The data:
________________________________________

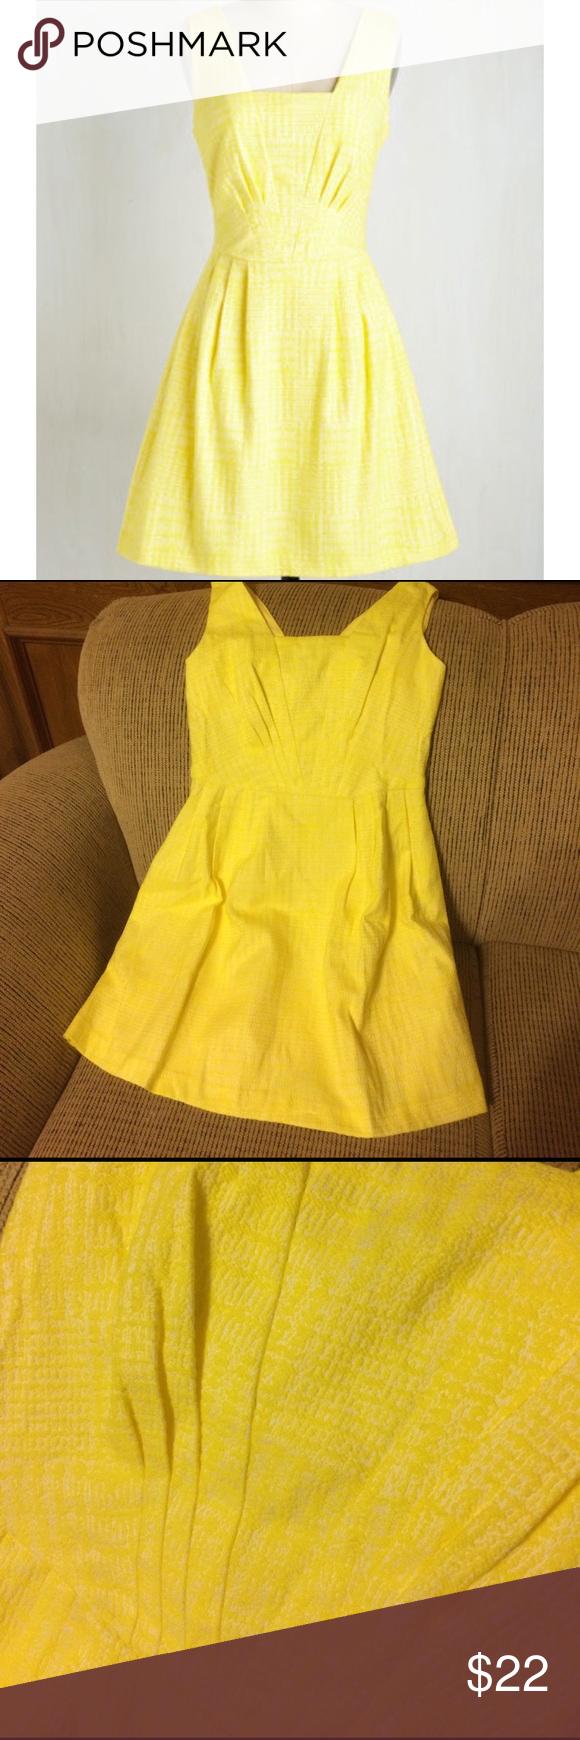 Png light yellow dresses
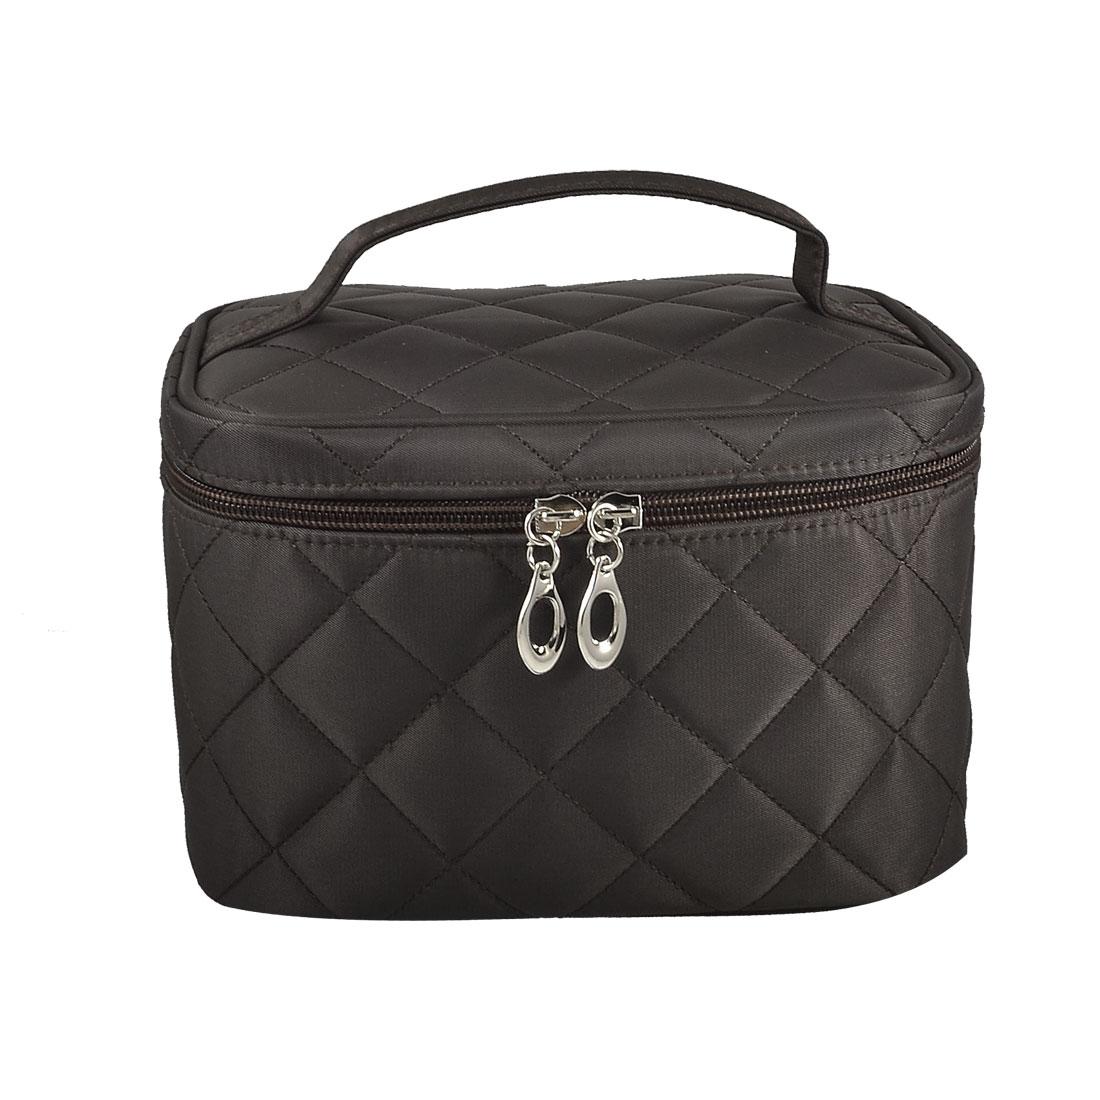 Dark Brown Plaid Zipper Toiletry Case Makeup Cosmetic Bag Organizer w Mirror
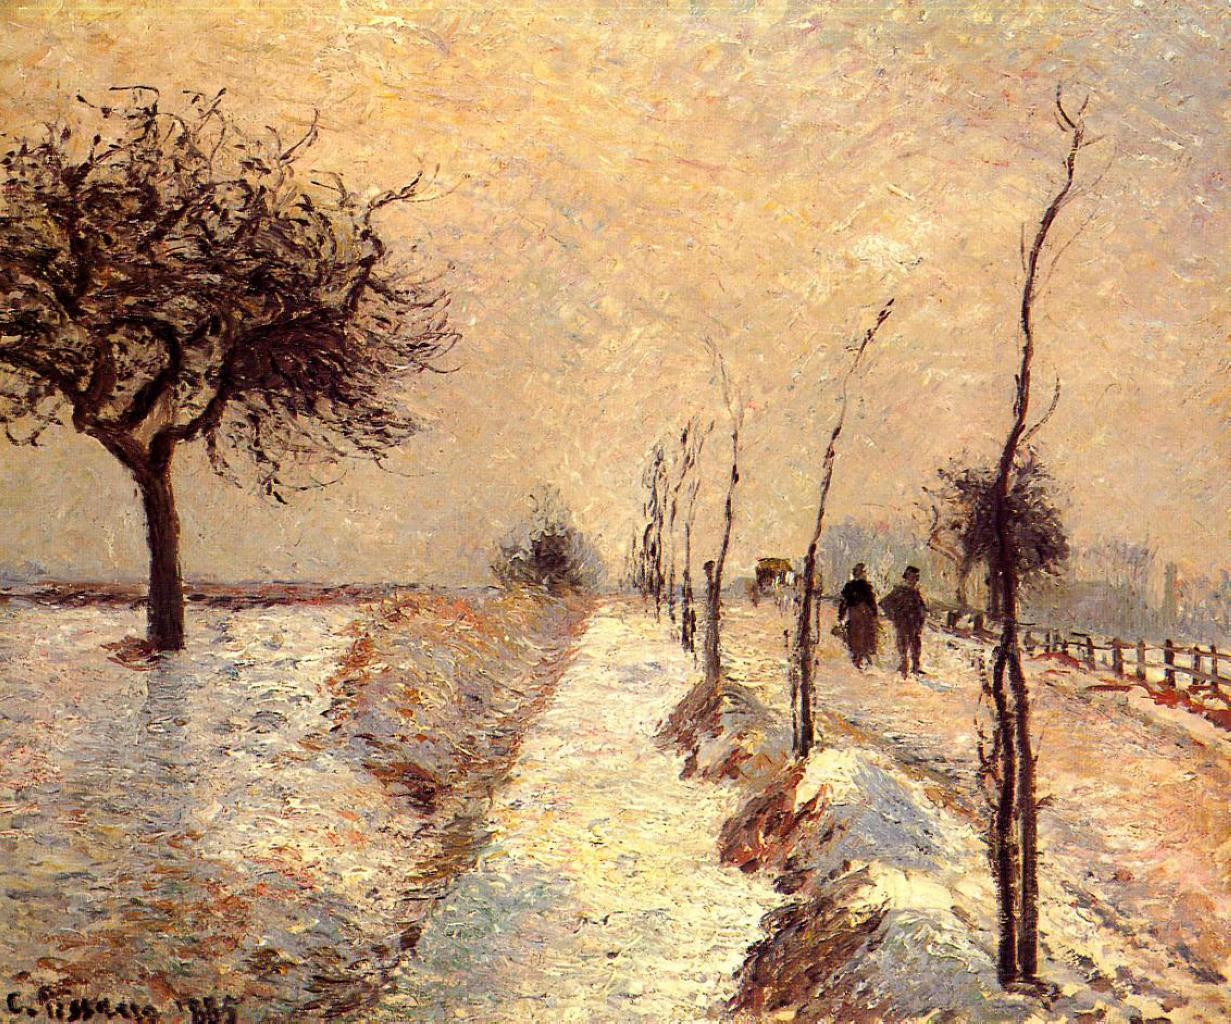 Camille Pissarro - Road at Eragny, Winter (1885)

________________________________________

Exercise objective: All lines from the one containing "Dark Brown Plaid" through the end of the data are to be restated exactly, with nothing else and without the pictures.

Result:
 Dark Brown Plaid Zipper Toiletry Case Makeup Cosmetic Bag Organizer w Mirror
 Camille Pissarro - Road at Eragny, Winter (1885)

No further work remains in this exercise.